Once upon a time in a dive bar in my mostly sleepy hometown, a man I met in a short bathroom line tried to pick me up by telling me how beautiful my aura was. He described it in detail. It was majestic, he said.
As part of his plan to woo me, he gifted me a tattered and yellowing paperback he'd picked up from a local thrift store insisting it was proof he was psychic. He wanted me to read it, convinced it would change my life the way it had changed his.
A handful of chapters into this memoir, I realized: That guy could have been Val Kilmer. He wasn't, of course. But had he been Val, had I met Val Kilmer for any ridiculously random reason at any point in my life that memory would have been the first one unlocked for me—a visceral and amusing reminder of how thoroughly convinced of their own bullshit some people are and always will be.
Kilmer the actor? Oh, I've always been a fan. [Even as I will forever maintain that all actors are more than slightly unhinged, by design.]
Do I think anyone else could have played Doc Holliday as brilliantly as he did? Absolutely not.
Would Top Gun have become such an iconic hit without him as Ice playing the perfect foil to Cruise's Maverick? Doubtful.
Will The Saint remain one of my all-time favorite movies, largely because he's so masterfully talented [and really quite funny] in it? Yes. I will love that movie forever.
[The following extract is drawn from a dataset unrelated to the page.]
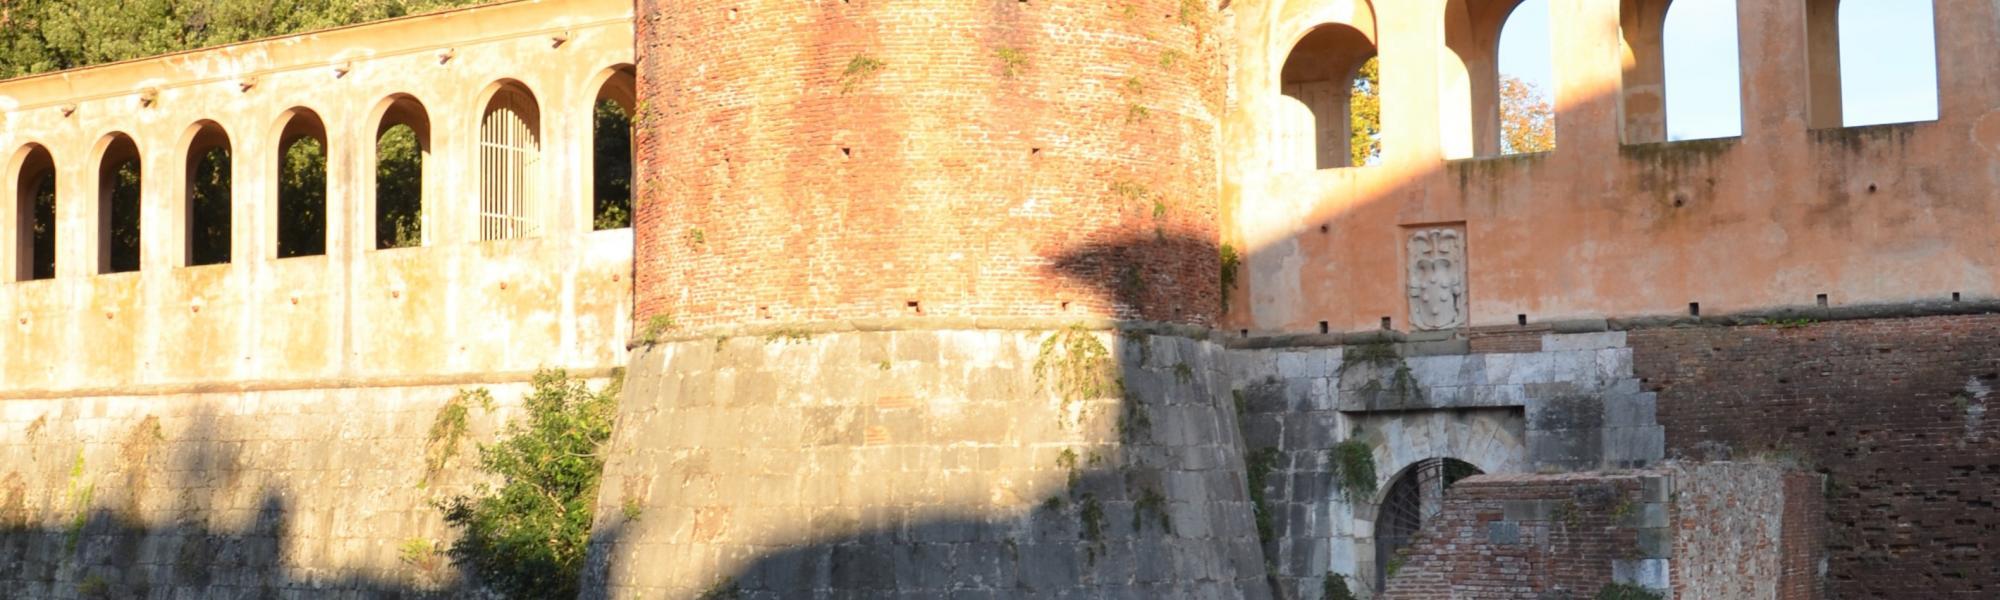 Bastione San Gallo e ponte seicentesco, cittadella nuova (L. Corevi, Comune di Pisa)
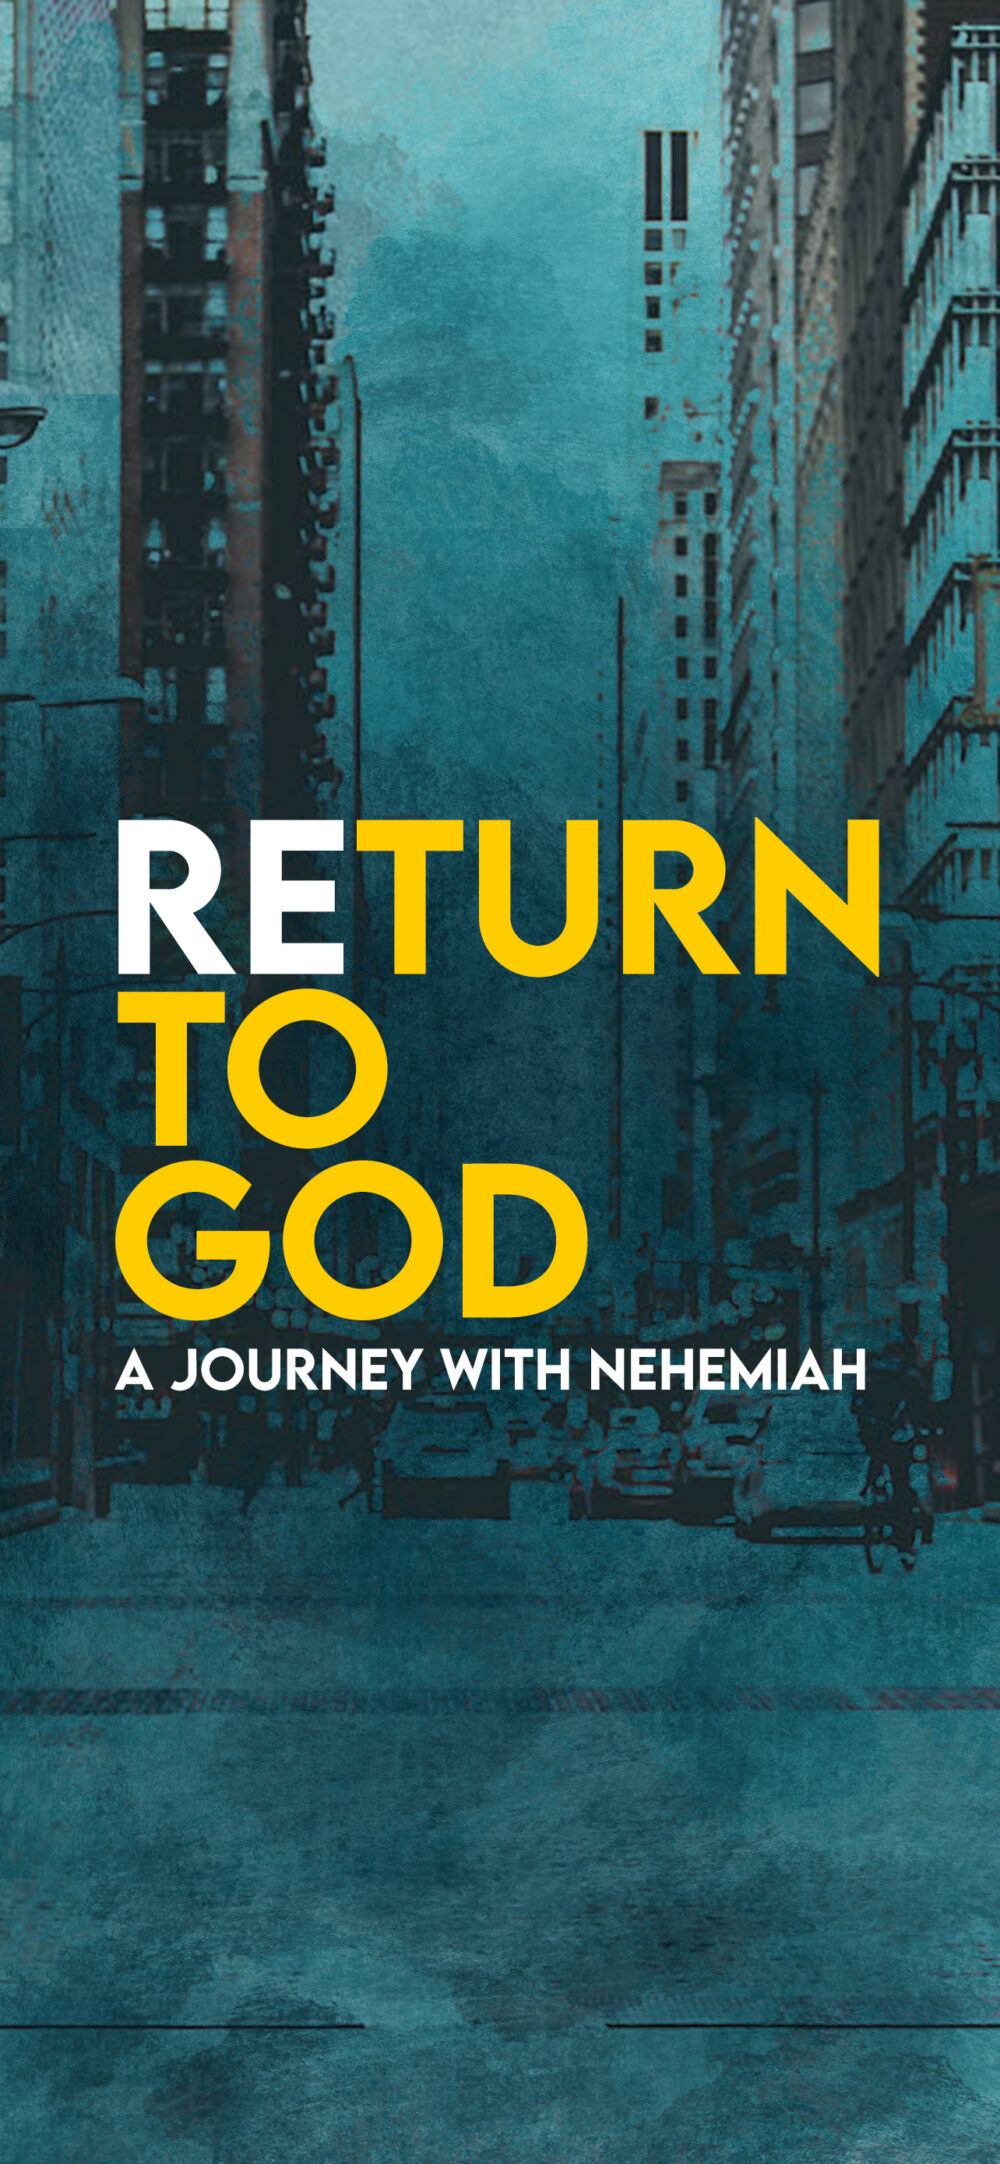 Return to God: Populate & Invigorate Image

I'll even admit to scrawling "I heart Val Kilmer" on a napkin when I was in elementary school, tucking it safely in one of my first diaries. Decades later, I still have it, and the memory of one of my earliest crushes still makes me smile.
The trouble with someone like Val Kilmer writing a memoir, though, is that no one in his life has seemingly ever told him he's even slightly full of shit, or misogynistic, or maybe should go easy on culturally [mis]appropriating histories to which he can lay no claim [though of course he does because privileged white dudes gonna be privileged white dudes].
Letting Val be Val aside, the trouble with someone like Val Kilmer writing a memoir is that, at a certain point, everyone helping him bring the book into the world gave up on editing it or making it flow, feel, and read even remotely like a cohesive narrative.
So instead of an interesting memoir it reads like a descent into literal and metaphorical madness—doubling as a poignant record of Val's prolific and bizarre dating history, because: why not, right?
The number of women who were and are literal angels in his life? Well, I lost count there were so many. [Kilmer would have killed in the early days of LiveJournal.]
And then there was the paragraph where he said he'd never found his [then] wife more beautiful than when she was giving birth because "A woman being all that she can be? That's it for me, man."
I likely would have tossed the book into a fire as kindling at that point had there been a fire nearby, and had I not been so invested in what nonsense was going to come out of his mouth and onto the page next.
[Five stars for sheer pomp and circumstance minus three stars for utter vanity and so many sentences and paragraphs that make absolutely no sense = Two stars for what is surely one of the best titled memoirs in history, and one of the most terribly written.]